The same thing happens with LLM weights and activations.
Naive quantization maps values to a fixed range. For INT8, that’s -128 to 127:
quantized = round(value / scale)
scale = max(abs(values)) / 127
Tim Dettmers discovered that transformers above 6.7B parameters develop emergent outlier features: specific hidden dimensions with values 100x larger than typical values. In a dimension where most values are around 0.1, outliers reach -60 or higher.
When you quantize with outliers present:
- Scale is set by the outlier (60/127 ≈ 0.47)

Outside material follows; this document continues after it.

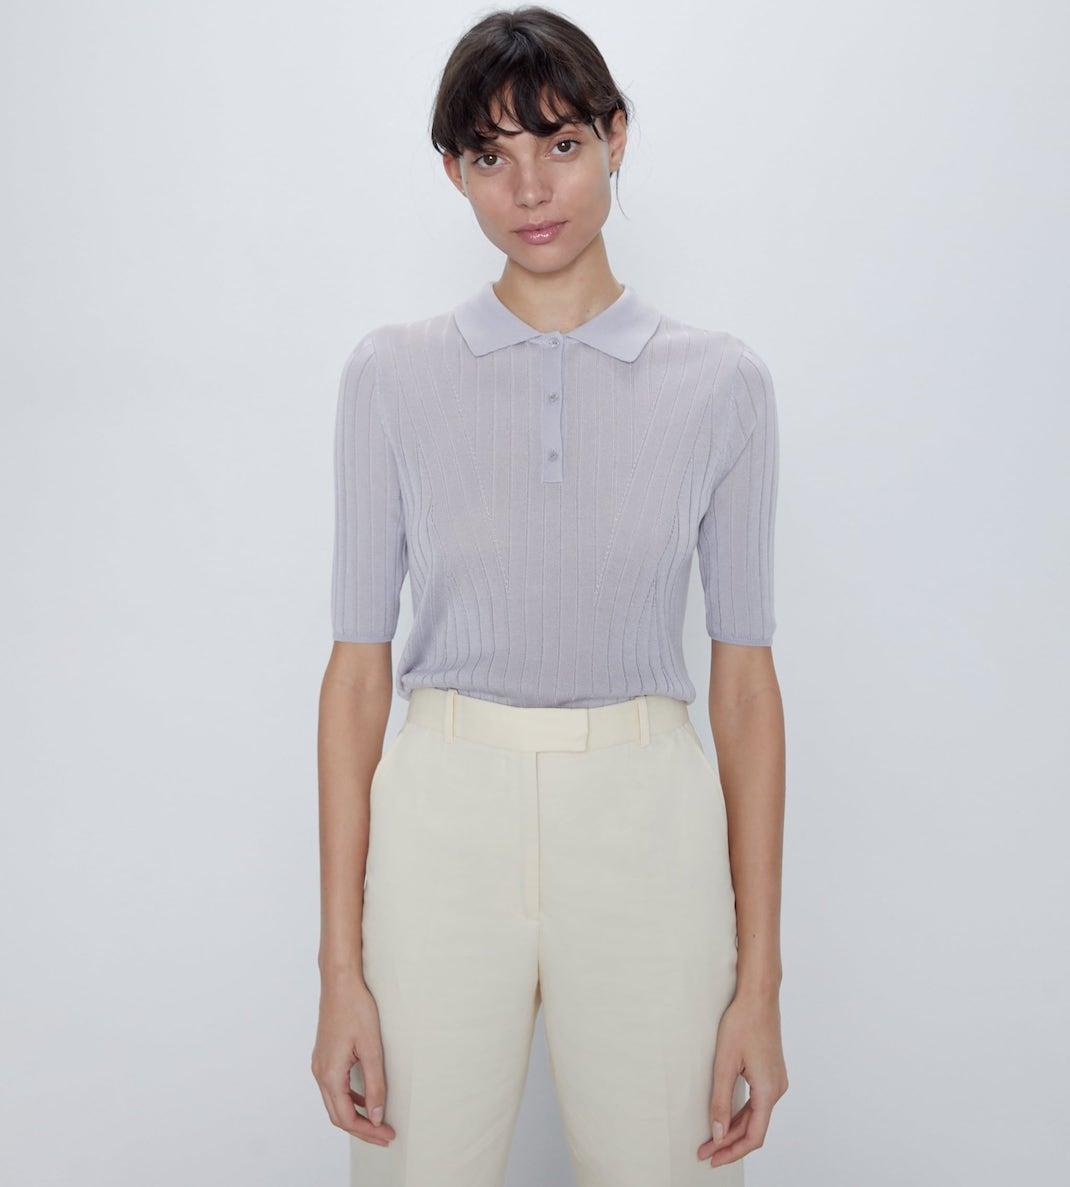 μοντέλο με πλεκτό τοπ Zara
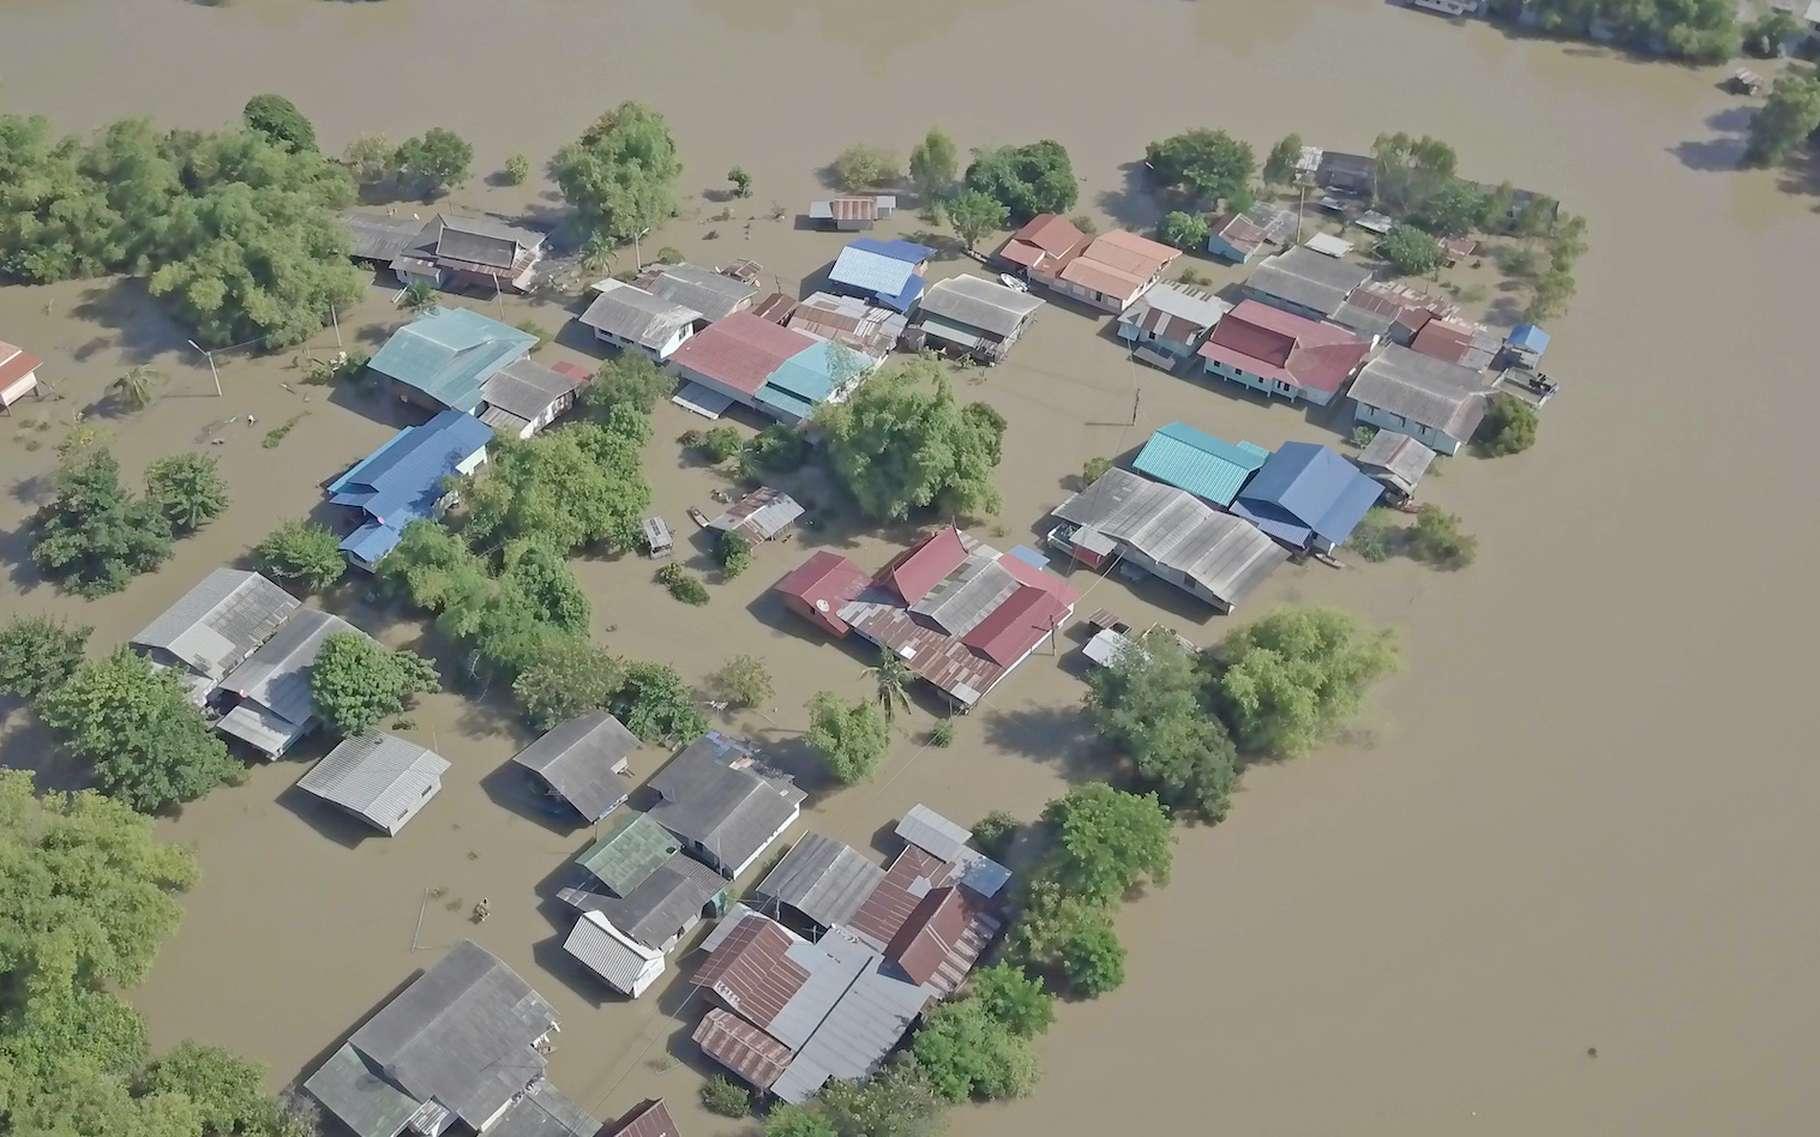 Avec le réchauffement climatique, les inondations menacent de plus en plus les populations qui devraient de fait être amenées à se déplacer de plus en plus. © witthaya, Adobe Stock

- Normal values (0.1) quantize to round(0.1/0.47) = 0
- Information is destroyed
It’s like setting your camera exposure for the sun and expecting to capture detail in the shadows.
Why does this happen? The outliers correlate with model capability. Better models (lower perplexity, meaning better predictions) have more pronounced outliers. They seem to be how large models encode important information. You can’t train them away without hurting quality.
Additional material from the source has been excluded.